The Wärtsilä 31 engine is in the Guinness Book of World Records for being the most efficient 4-stroke marine engine ever made in its class. It also boasts the highest power per cylinder in engines of equivalent bore size. It can be configured in 8 to 16 cylinders and with a power output ranging from 4.6 MW to 10.4 MW at 720 and 750 rpm.

This Finnish company is best known for making the world's largest combustion engines – notably the 89 ft (27 m) tall, 44 ft (13 m) long, 110,000 horsepower RTA96-C. The Wärtsilä 31 engine is a fair bit smaller, maxing out at 15.4 ft (4.7 m) high and 28.8 ft (8.7 m) long, and running on fossil fuel, it can crank out up to 13,142 horsepower (9.8 MW).

The cylinder bore and stroke (12.2 x 16.9 inches, or 31 x 43 cm) sound enormous if you're coming from the auto/moto world, but compared to some of the company's bigger engines, which have cylinders big enough to walk into, they're relatively compact.

Converted to a generator, the hydrogen-ready 31SG-H2 version can run on natural gas, or a blend of natural gas and 25% hydrogen – or it can be upgraded to run on 100% hydrogen.
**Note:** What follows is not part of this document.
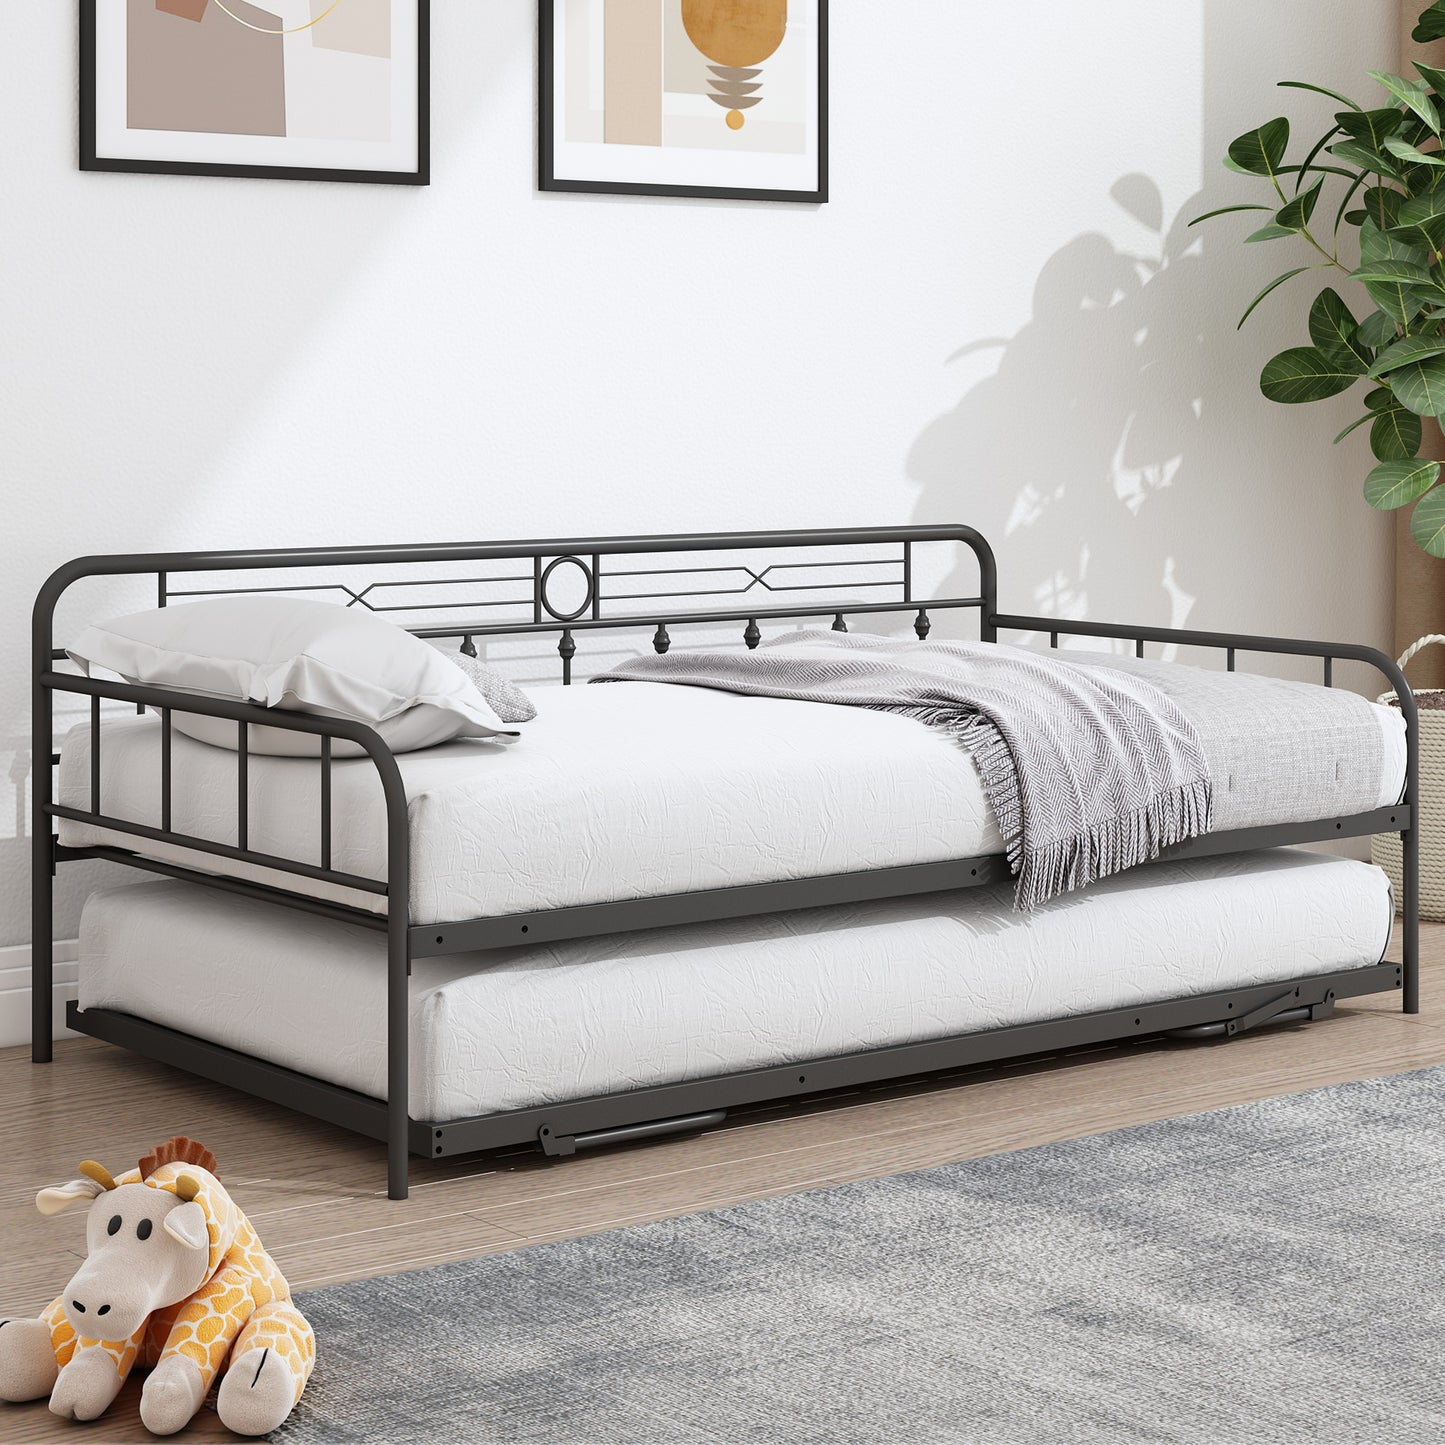 SYNGAR Twin Size Daybed with Pop Up Trundle for Kids Adults, Modern Metal Sofa Bed Platform Bed with Adjustable Trundle Can be Risen as High as Bed, Strong Steel Slat Support, Black

There's also a flexible-fuel 31H2 designed to run natively on full hydrogen, but also accepting natural gas or blended fuels.

Both promise to be the world's largest hydrogen-powered generators when rolled out – assuming there's enough hydrogen available to run them.

The hydrogen power station is designed for firming up a renewables-based grid, quickly ramping up or down to support intermittent clean energy sources such as solar and wind, with no minimum up or downtime and the ability to ramp up and synchronize with the power grid in as little as 30 seconds with the push of a button. By using hydrogen, Wärtsilä can generate electricity 100% carbon-free.

Wärtsilä 31H2 engine hydrogen powered power plant concept
Wärtsilä 31H2 engine hydrogen powered power plant concept

Anders Lindberg, President of Wärtsilä Energy stated, "We must be realistic that natural gas will play a part in our power systems for years to come. Our fuel-flexible engines can use natural gas today to provide flexibility and balancing, enabling renewable power to thrive. They can then be converted to run on hydrogen when it becomes readily available, future-proofing the journey to net zero."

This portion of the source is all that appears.